Отделенческие врачи грузили  бедолаг интернов по полной, так, чтобы не продохнуть было, заваливали  писаниной, отчётами, к своим больным неделями не подходили. Сами же  гоняли чаи в ординаторской, а ближе к вечеру, когда из корпуса уходил  ответственный дежурный, имели нетоварищеские отношения с медсёстрами в  процедурных и операционных. Поэтому интерны на профессорских обходах и  консультациях появлялись редко, а вот девица, которую я заметил,  постоянно норовила протиснуться поближе ко мне и всё глядела своими  большущими глазами. Я тоже, внимательно осмотрел её, как без этого, и  остался доволен. Отменный цвет лица, густые, не тронутые пинцетом брови,  чуть вздёрнутый нос, немного веснушек, – она была красива и простовата  одновременно, причем одно дополняло другое. И глаза. Большие, тёмные,  глубокие, не очень выразительные, но.… Понравилась мне девушка.
Как  раз тогда я закручивал роман с будущей супругой и легкомысленно  намеревался вступить с ней в брак, забыв о любимой фразе отца, что  хорошую вещь браком не назовёшь. Наши отношения были пока вполне  невинны, но неотвратимо продвигались к скомканной постели. Что я  испытывал тогда? Не помню. То, что произошло в завершение нашей  совместной жизни, избирательно притупило мою память. Точно могу сказать,  что с другими женщинами я в то время не встречался, это, пожалуй, всё.
Тем не менее, я быстренько выяснил, что зреющего, как волшебный плод в  моём саду, молодого доктора зовут Ольга, фамилия – Подколзина, не  замужем, красный диплом. Больше меня ничего не интересовало, и я  вознамерился серьёзно поговорить с ней о том, что на профессорских  обходах неотрывно смотреть на меня, вместо того, чтобы записывать мои же  отточенные мысли, просто неприлично. Я даже не собирался облекать свой  выговор в сколько-нибудь мягкую форму, интерн – он и есть интерн, прибыл  из учебки – будь готов! Но всё случилось по-другому.
Я сидел в  кабинете и думал о том, что пора домой.
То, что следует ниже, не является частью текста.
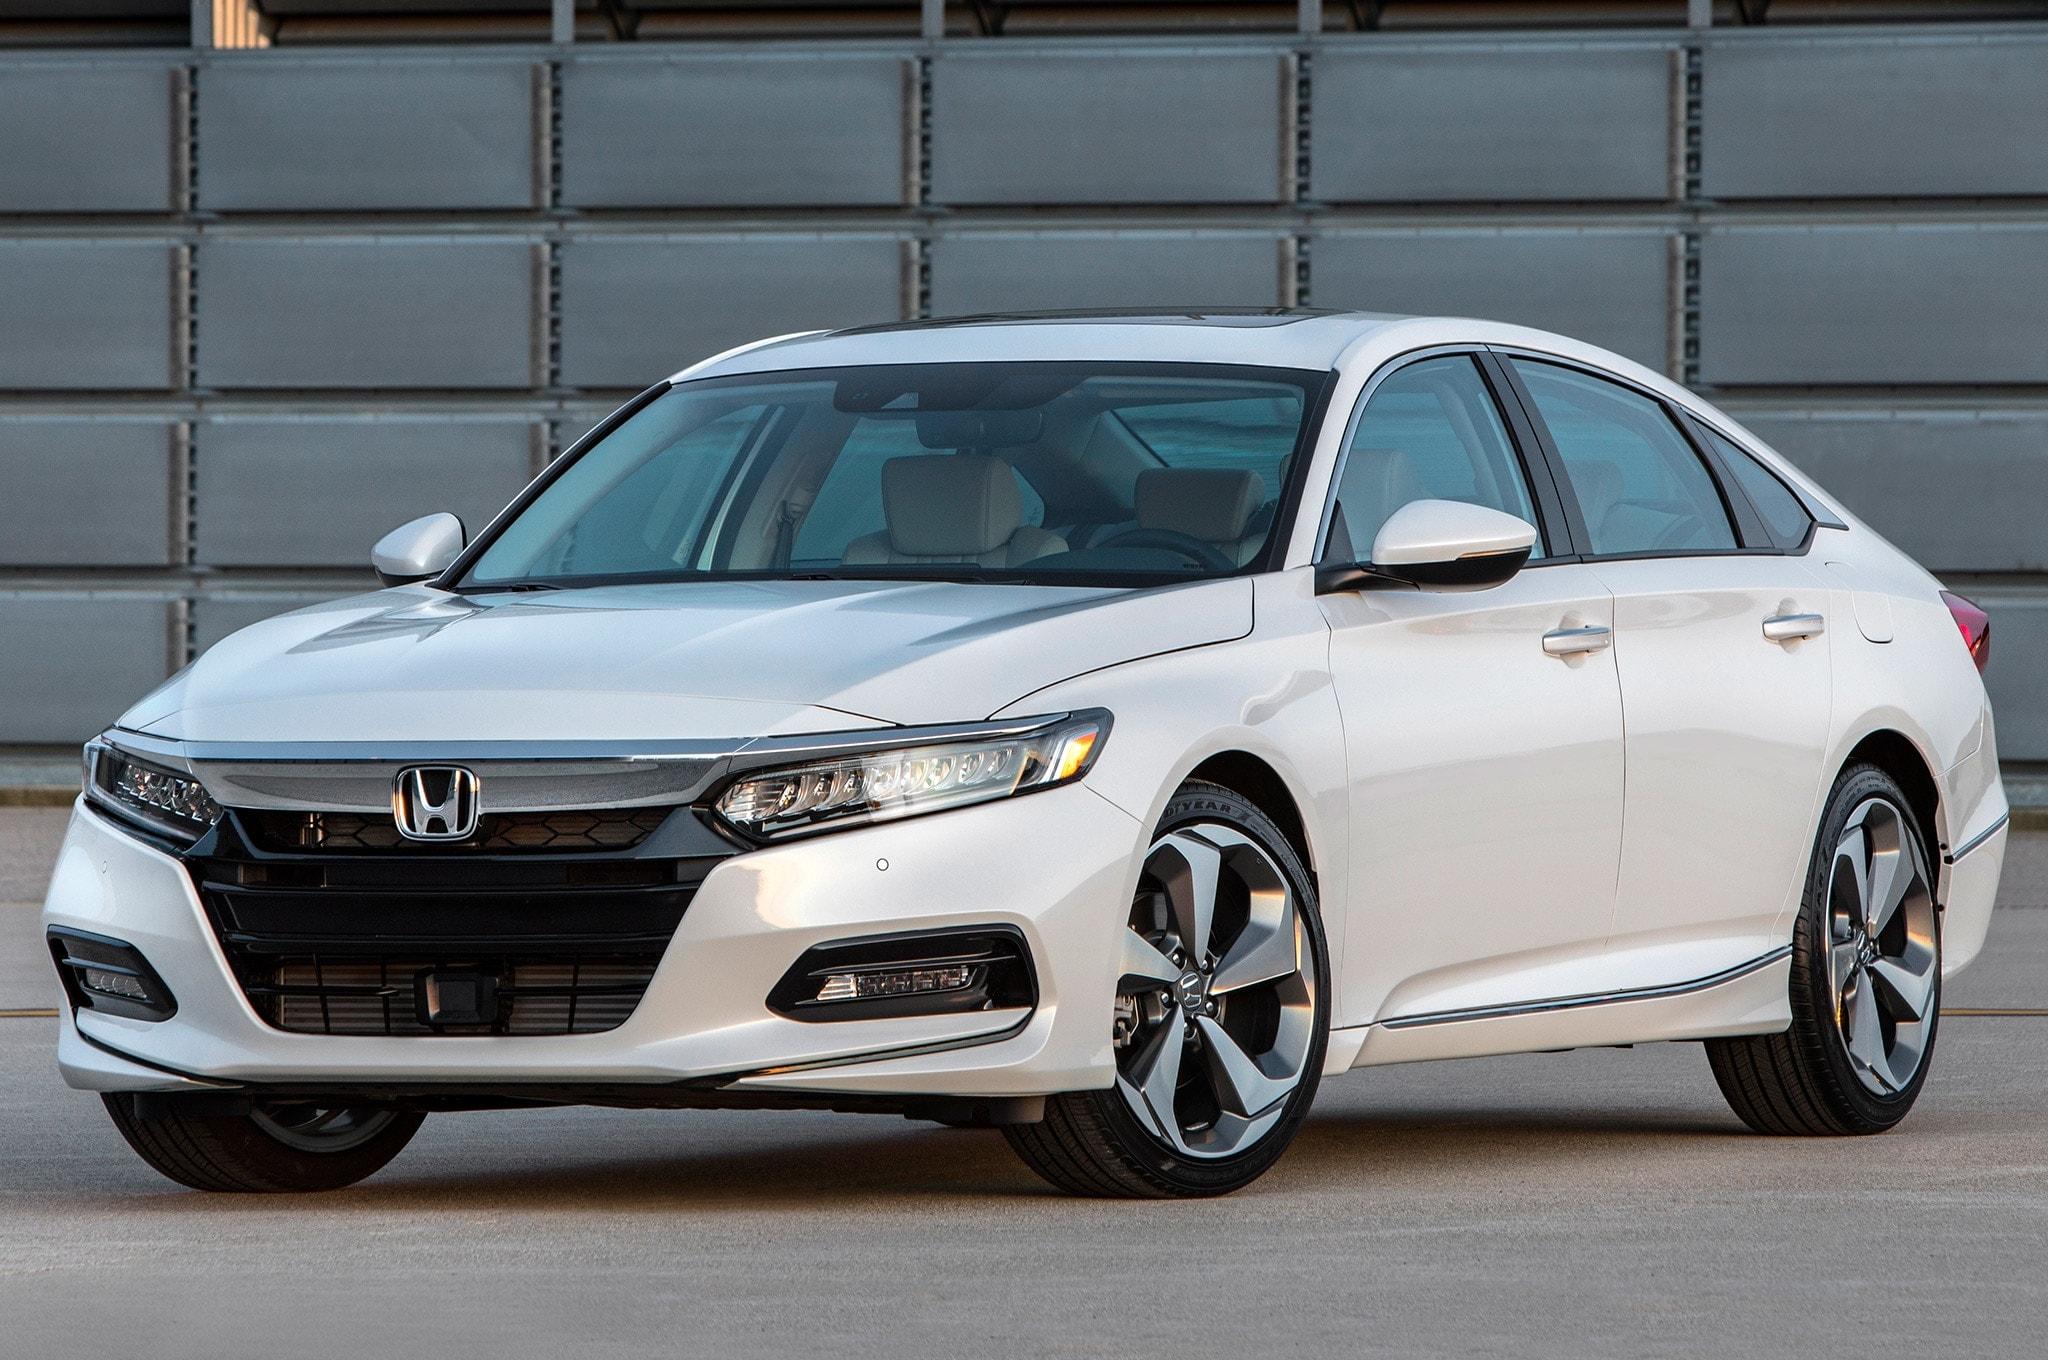 2018 Honda Accord Honda Dealers South Carolina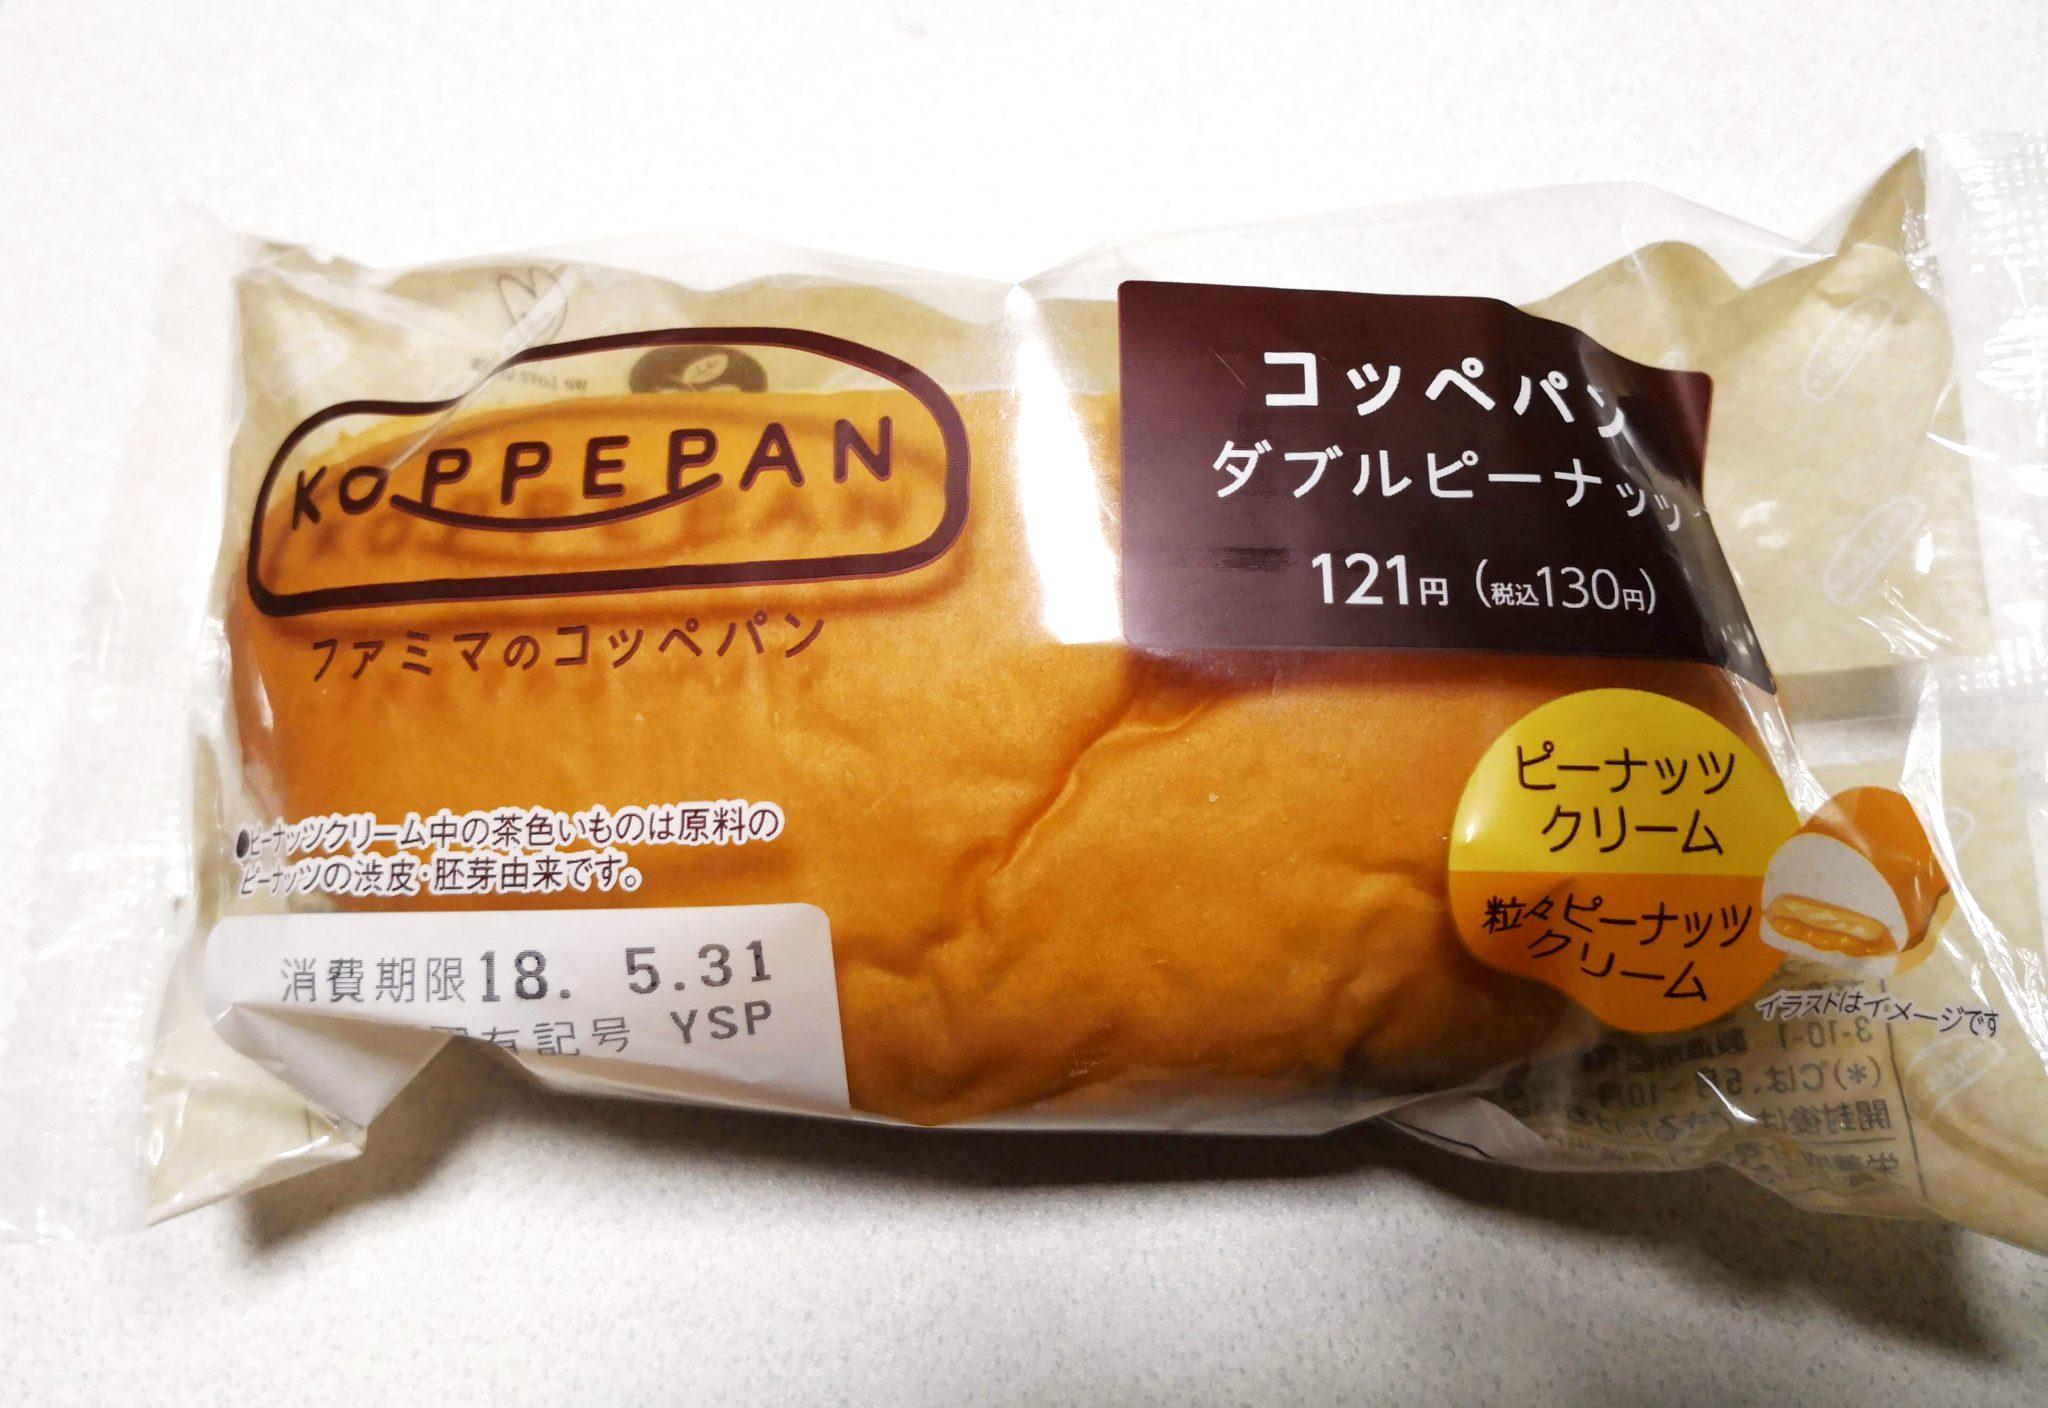 ファミマ コッペパン(ダブルピーナッツ)

Вечер намечался пустой, –  невеста отказала во встрече по причине ежемесячных женских неудобств. Мы  хоть и не спали пока, но я всё понимал, поскольку она отказывала мне в  одни и те же дни под одним и тем же предлогом, – навестить престарелого  дедушку. Правда, в последнее время это, кажется, была бабушка.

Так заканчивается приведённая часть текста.